22h16, pont de la Bodega en Seine

Le pont de la Bodega en Seine était presque vide. Les serveurs commençaient à tout ranger. Vraisemblablement, le cocktail laisserait place dès le lendemain matin à un petit-déjeuner d’affaires. Maline savait que plus de mille réceptions officielles étaient organisées pendant l’Armada. Plus de cent par jour, tout ce qui pouvait flotter sur l’eau était pris d’assaut !

Cela pouvait se comprendre.

Maline observa le reflet des bateaux illuminés danser sur l’eau de la Seine.

Un spectacle unique, féerique !

Pendant les dix jours de l’Armada, le grand canal de Venise cédait à Rouen son rang de la plus belle voie nautique du monde.
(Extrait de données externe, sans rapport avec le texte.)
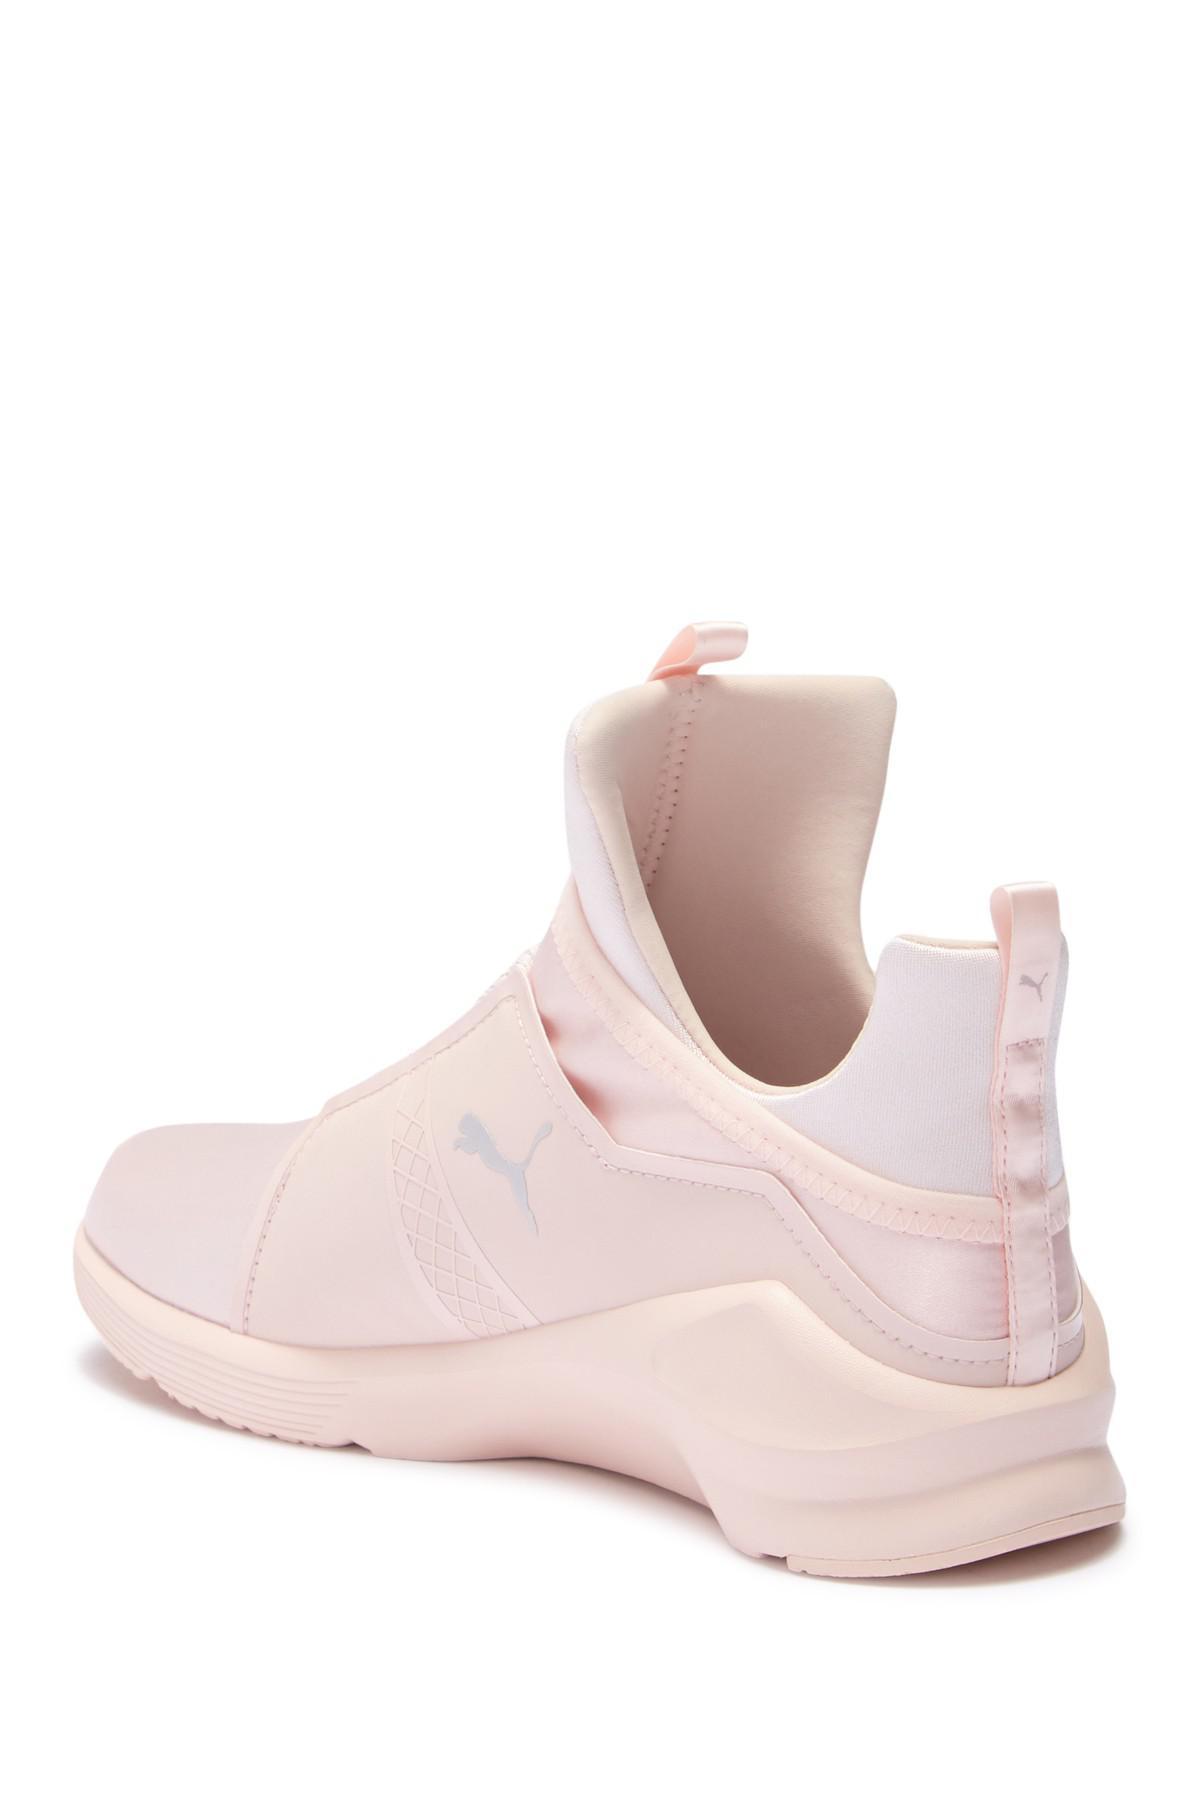 PUMA - White Fierce Satin Ep Training Sneaker - Lyst. View fullscreen 61e194bb2

Maline se retourna vers le pont et chercha une nouvelle fois des yeux Olivier Levasseur. Elle devait se résoudre à l’évidence : plus aucune trace de son beau Réunionnais. Il avait disparu avec la foule des autres VIP. Normal. Comme, il disait si bien, c’était son job…

Maline essaya de se secouer. Elle avait son job, elle aussi. Elle n’avait pas encore terminé sa journée. Il lui restait une dernière petite visite à faire, dans ce bar dont lui avait parlé le général Sudoku, le Libertalia, à l’homme qui savait tout sur les légendes des marins. Ce fameux Ramphastos…

Maline trébucha en descendant de la Bodega. L’effet des trois coupes de champagne n’était pas encore tout à fait dissipé et elle retournait jouer les piliers de bar de nuit ! Elle n’avait jamais autant bu que depuis qu’elle était journaliste d’investigation pendant l’Armada.

Elle s’engagea sur le pont Guillaume-le-Conquérant pour rejoindre la rive droite, l’air vif lui fit du bien. Par contre, il ne lui remonta pas le moral. Maline avait « l’après-champagne » triste… Surtout lorsqu’elle en buvait seule.

La nuit qui tombait sur l’Armada n’avait rien non plus pour la tirer de sa mélancolie. L’heure des amoureux approchait, le clair de lune accroché en haut des mâts, les baisers sous le feu d’artifice… A-t-on un jour mesuré combien d’amours sont nées sous les voiles ? Plus, beaucoup plus que les cocktails, espéra Maline. Le champagne la rendait romantique, aussi. Romantique et mélancolique. Elle n’aurait pas été contre une balade, main dans la main, sous les lampions des voiliers. Ce bel Olivier Levasseur aurait fait un compagnon idéal. Un petit vent fouettait le visage de Maline.

Qu’elle était sotte !

Qu’avait-elle espéré, avec son petit numéro, le coup des rollers et le reste ? Le beau Réunionnais avait fixé trois secondes la pointe de ses seins, et encore…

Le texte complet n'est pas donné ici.